Заглянул к Нате; сколько–то мы с ней посидели за чаем. Флейта после долгого перерыва показалась визгливой. Но само время (мысленно) все еще делилось — на до и на после психушки. Сейчас я жил после. И тем старательней восстанавливал, выцарапывал частицы живой жизни из прошлого. Частицей была и Ната. Я помнил о ней. Не скажу, что мне хотелось ее видеть. Нет: я просто забегал мыслью вперед, в набегающее будущее: мол, кто знает... Подумать только! — я не попал бы в психушку, ни в Первую палату, расскажи я кое–что этой кроткой дурочке, даже не в постели, как водится, а просто сидя за столом. За чаем — за ее привычным вечерним завываньем в дудку, я сказал бы, отложи–ка флейту, послушай теперь мой вой.

Кто знает, думал я, шел улицей, хватая свежий, уже слышный осенний ветер. Я был в свитере, продувало, в руке обретенная ненужная мне машинка...

Вторым рейсом я забрал из бомжатника свой скарб: чемодан с бельем, пальтецо на зиму, связку книг. Заглянул к Нате — там стол. Кругом армянская родня. Меня тоже посадили, поешь и выпей. Русская тетка, вислопузая Охо–хонюшка, сделала для гостей две сотни пельменей, старалась!.. Говорили об отце и матери Наты, давно умерших, хорошие, мол, были люди. Ната улыбалась. Армянские родственники звали ее Анаит.

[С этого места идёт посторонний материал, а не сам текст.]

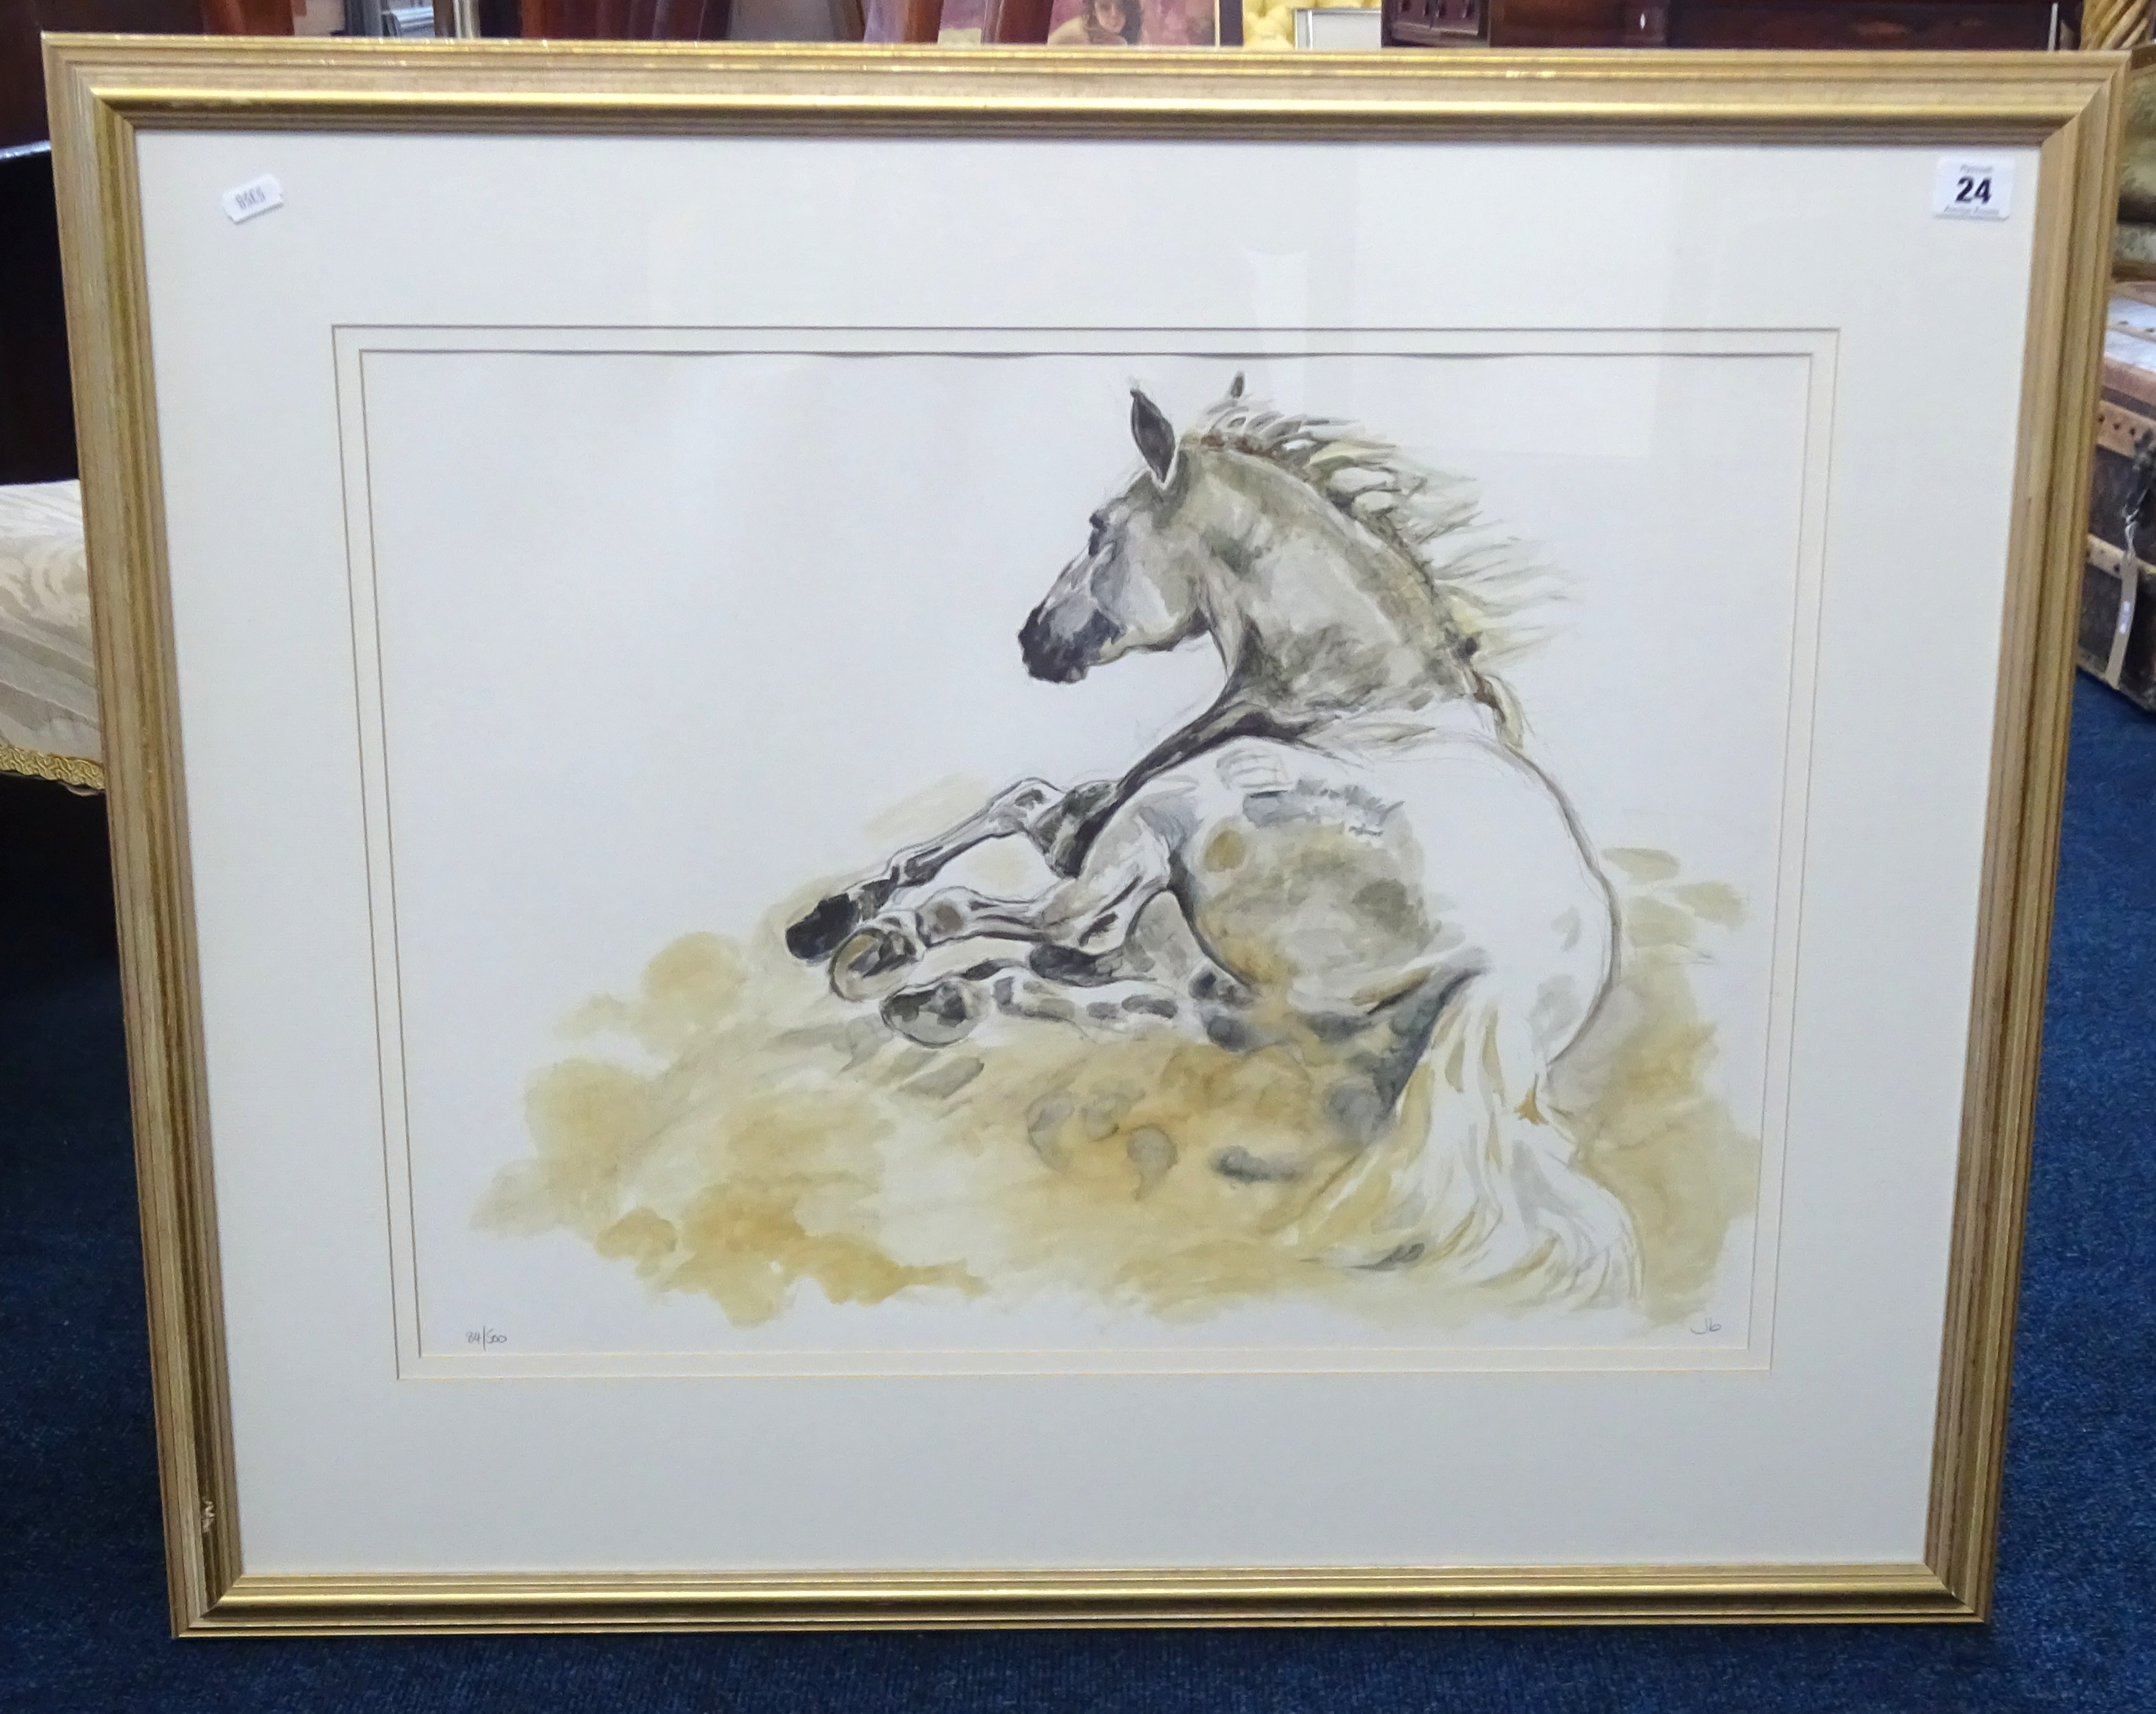 Lot 024 - Jennifer Brereton, limited edition print, horse study, number 84/ 500, framed and glazed, 43cm x

Они пытались ее выдать замуж за кого–то из своих, но не сумели. Рано или поздно в мужчине проснется восточный (да и какой угодно) муж, обычный муж, который хочет, чтобы постели с утра были убраны, а в доме уют и манящие запахи еды. А что Ната? — детский умишко, никудышние руки и вызубренные пять–шесть печальных мелодий на флейте. Но армянские родственники хотя бы сумели выкупить и приватизировать ей квартирку, великое дело; окажись Ната со своей флейтой и без отдельного жилья — это беда. Правда, ее не тянуло к мужчинам. Но слабенькая, как долго могла бы она сопротивляться? — не знаю, не представляю себе. Ребенок, которого уговорили.

Родственники бежали из Баку во время известных жестокостью событий, а теперь большой и разветвленной семьей, человек пятнадцать, все уезжали во Францию. Уже с визами, уже на чемоданах. Они рассказали, с каким трудом списались с французскими армянами, получили вызов и, плюс, сумели доказать, что они люди искусства, которых в цивилизованной стране приютить необходимо (во Францию пробиться непросто! — объясняли). К Нате в этот вечер они как бы на прощанье принесли домашнее рассыпное печенье и много шоколада. Было тесно и шумно. Со мной были приветливы, искренни, не просто вежливы. Сидели долго, много пили, ели пельмени, и я, забыв про Нату, глазел на пышную сорокалетнюю армянку. Та спрашивала, надеюсь ли я, что в Москве жизнь наладится или здесь тоже пойдет кувырком, как в Баку, в Тбилиси. А я, знай, ел пельмени и пожимал плечами: будет как будет. (Я никого из отъезжающих не успокаиваю. И ехать не отговариваю.) Я пил водку и поглядывал на ее яркие губы. (Без соблазна. Просто красивые губы.) А залившаяся румянцем Ната уже вынула по их просьбе из чехла флейту. Волновалась, как и положено волноваться артистке.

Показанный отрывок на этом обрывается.